Mainz, 2.11.01 (KAP) Die Entsendung einer internationalen Friedenstruppe nach Palästina hat der lateinische Patriarch von Jerusalem, Michel Sabbah, gefordert. "Zumindest zu Beginn sollte es eine Friedenstruppe, eine Schutztruppe sein, die den Weg und den Rahmen für ernsthafte und neue Verhandlungen vorbereitet", sagte er am Freitag in einem Interview mit der deutschen katholischen Nachrichtenagentur KNA. Der israelisch-palästinensische Konflikt sei in Wahrheit ein internationales Problem, da die internationale Gemeinschaft "bei der Geburt, dem Aufbau, der Überlebenssicherung und dem Schutz Israels" immer dabei gewesen sei. Deshalb müsse sich die internationale Gemeinschaft endlich ihrer Verantwortung bewusst werden und eingreifen. Sabbah - der Präsident von "Pax Christi" ist - hält sich anlässlich des internationalen Kongresses der katholischen Friedensbewegung in Mainz auf.
Dringend müssten internationale Beobachter entsendet werden, die den Israelis die notwendige Sicherheit geben und den Palästinensern den dringend benötigten Schutz garantieren könnten, betonte der Patriarch. Insbesondere müssten militärische Aktionen beider Seiten verhindert werden. Die internationale Gemeinschaft müssen den Mut haben, beiden Seiten klar zu sagen, was zu tun sei, um die Gewalt zu beenden "und eine neue Ära der Gerechtigkeit zu schaffen". Unter Israels Premierminister Ariel Scharon sieht Sabbah keine großen Chancen für eine Lösung. Es sei "höchst unwahrscheinlich", dass sich Scharon von einem Hardliner zu einem Friedensstifter entwickle. Deshalb werde es künftig eher noch mehr Gewalt geben, wenn nicht die internationale Gemeinschaft eingreife, unterstrich der Erzbischof.
Für Einstellung der Angriffe auf Afghanistan
Für Sabbah steht der israelisch-palästinensische Konflikt in einem direkten Zusammenhang mit den Terrorangriffen auf die USA vom 11. September.
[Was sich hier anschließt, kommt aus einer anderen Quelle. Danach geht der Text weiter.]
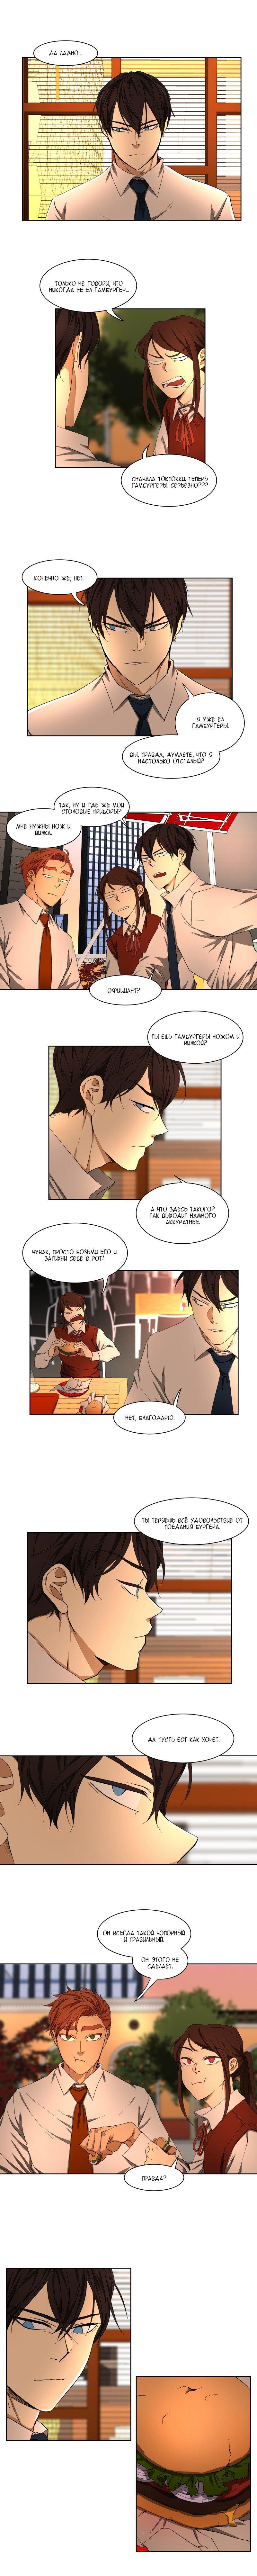 Манга Я люблю Ю / I love Yoo  - Том 1 Глава 27 Страница 5

Das Schicksal der Palästinenser werde von allen Arabern und allen Muslimen als Ungerechtigkeit empfunden. Deshalb lehne die arabisch-muslimische Welt die USA als Helfer Israels ab. Wenn also Amerika ein gutes Verhältnis zur arabischen Welt haben wolle, müsse Washington das Palästina-Problem lösen und sich für Gerechtigkeit für alle einsetzen.
Weiter plädierte der Patriarch für ein sofortiges Ende der britisch-amerikanischen Angriffe auf Afghanistan. "Man kann nicht Terrorismus mit einem Krieg bekämpfen", sagte der Patriarch. Der Terrorismus sei eine neue Art der Kriegführung, auf die man "in einer neuen Weise" reagieren müsse. Dieses "Neue" müsse aber mit einem "Nachdenken über das Verhältnis zwischen den USA und anderen Völkern beginnen". Immer noch würden internationale Beziehungen von den Interessen einzelner mächtiger Staaten bestimmt. So müssten die USA ihr politisches System ändern und sich für eine Neue Weltordnung einsetzen, die allen Menschen und Nationen ein Leben in Gerechtigkeit und Menschenwürde erlaube.
"Trauriges Weihnachten in Bethlehem"
Angesichts der Weltlage erwartet der Patriarch für Bethlehem "ein trauriges Weihnachtsfest". Sein Weihnachtswunsch sei es, dass sich das israelische Volk die Frage stelle, warum es seiner Führung nicht gelingt, Frieden zu schaffen. Das Volk müsse seine Regierung unter Druck setzen, um Sicherheit für alle zu erreichen. Derzeit hätten die Palästinenser nur 22 Prozent der ihnen zustehenden Gebiete, so Sabbah. "Frieden ist möglich, Frieden ist einfach - wo es einen einen echten Willen gibt, gibt es für alles einen Weg", so der Patriarch. Dies sei jedoch bis Weihnachten nicht zu erreichen. "So wird es also ein trauriges Weihnachten geben; wir werden für den Frieden beten", sagte Sabbah.